Denial of access to these students is not only bad educational policy, it is bad public policy. The City University is the engine of the city’s greatness as the capital of the world’s economy and as a global capital in the world of ideas. CUNY is the prime mechanism for creating new generations of leadership. Denying students access to higher education today will deplete the city of human capital in the future. The long-term costs of this policy are devastating.

The Board resolution flies in the face of twenty-five years of demonstrated experience that most students can complete credit-bearing courses while taking remedial work and that CUNY can and does bring students successfully up to the demands of college-level work.

WHAT ALTERNATIVES DID THE BOARD OF TRUSTEES HAVE?

The Acting Chancellor of the University advised the Board that more moderate adjustments would better serve the interests of the students and the school. There was a thoughtful proposal introduced by Trustee John Morning, which had been approved 6 to 2 by the Board’s Long Range Planning Committee. It would have continued the policy of allowing colleges to limit students to no more than one semester of remedial services; this policy had just begun to be implemented. Instead, the Board voted to phase out remedial services in all baccalaureate degree colleges by 2001.

The Mayor and the Governor applied tremendous pressure on their appointees to approve this draconian resolution. Three of the Mayor’s five appointees hold city jobs at the pleasure of the Mayor, thus creating an obvious conflict of interest. Two of these are commissioners, and one heads a quasi-public entity.

HAVE CUNY STANDARDS FALLEN? IS THE UNIVERSITY GUILTY OF GRADE INFLATION?

It is astounding that the Mayor, some members of the Board of Trustees and some reporters and opinion writers have convinced the general public that the University’s standards have fallen and that the University faculty inflate grades to push students through. Astoundingly, nothing could be further from the truth. The requirements to remain a student in good standing at CUNY’s four-year and two-year colleges are among the most stringent in the nation.

Similarly, CUNY grades are tougher than those awarded nationally. Nationally, 58% of all grades are A’s and B’s; at CUNY schools, only 48% are. Nationally, 11% of the grades indicate a failure to pass; at CUNY schools this figure rises to 21%.

In other words, CUNY is only 85% as likely as other students to give grades of A or B and is twice as likely not to give passing grades as is the average college in the United States. In both cases, CUNY’s standards are significantly more rigorous than those of the average college.

WHAT IS THE GRADUATION RATE AT CUNY?

Let’s finally get these facts straight. The Mayor says it takes CUNY students "too long" to graduate, citing a community college graduation rate of less than 2%.

First of all, in order to graduate in four years students would need to carry 15 credits per semester for eight consecutive semesters.

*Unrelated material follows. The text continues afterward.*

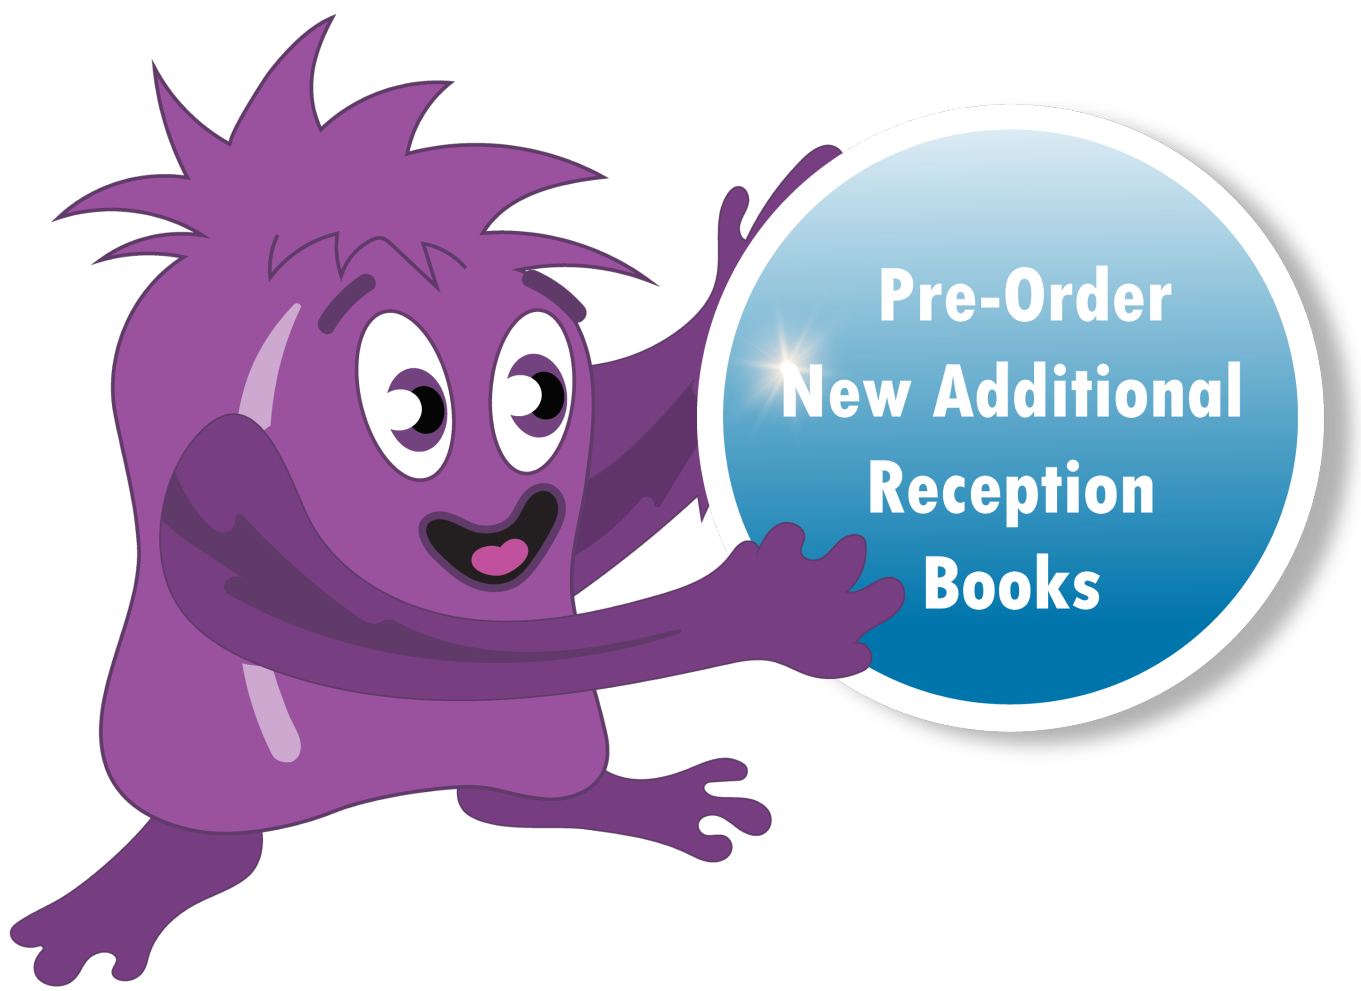 Pre-Order New Additional Reception Books

However, 12 credits constitute a full load. Also, many CUNY students are older. Two-thirds have jobs to support themselves and their families and cope with regular increases in CUNY tuition. Many have children or dependent parents or both.

Additionally, because of budget cuts they often cannot find the courses they need to fulfill their academic requirements. The result: 60 or 70% of undergraduates attend part time at some point during their enrollment and expect to take more than two or four years to complete their degree. The fact is that there is no longer anything "normal" any place in the country about on time graduation in two or four year colleges. Actually, CUNY’s long-term graduation rates are better than the national average. After five years, 23.8% of community college students across the nation graduated and 27.9% of CUNY students did. After eight years, CUNY graduation rates increase to 45.1%, surpassing the national figure for public universities of 40.8%.

IS IT TRUE THAT A CUNY DEGREE NO LONGER HAS ANY VALUE OR COMMANDS ANY RESPECT?

It is shocking to have the Mayor of the City talk about City University as a failed education system, suggesting that its students never graduate, that a CUNY degree is meaningless, that its graduates cannot make their way in the world. This is as untrue as it is insulting.

CUNY graduates get jobs and contribute to the City’s economy. CUNY graduates secure entrance to advanced degree programs at public and private universities throughout the United States. From 1983-92, 3800 CUNY graduates earned Ph.D.s around the United States. More than two-thirds of the advanced degrees earned by CUNY graduates in the last 14 years were earned outside the CUNY system.

At this year’s CUNY job fair, despite months of relentless attack on the University, 120 corporations rented booths and about 1000 students were hired in that one day. Many of these students started their college careers taking one or more remedial courses; under the new resolution they would have been denied admittance. As a result of their studies, CUNY students earn far more than they would have without their degrees.

WHAT IS THE COMPOSITION AND CHARGE OF THE TASK FORCE NAMED BY THE MAYOR TO STUDY CITY UNIVERSITY?

Mayor Giuliani has appointed a Task Force chaired by Dr.Benno Schmidt, head of the Edison Project, to study City University. The Mayor’s charge to the Task Force repeats many of the incorrect assertions discussed above and assumes that the quality of a CUNY education is no longer acceptable. Further, it assumes that remedial services should be provided by private companies. There is no evidence that this would yield better results than the present system. Indeed, CUNY has decades of experience offering remedial courses and seeing students complete them successfully; no private company has had this experience with comparable students. People are meeting with Chairman Schmidt to challenge these assumptions and preconceptions and urge a full and fair review of the facts.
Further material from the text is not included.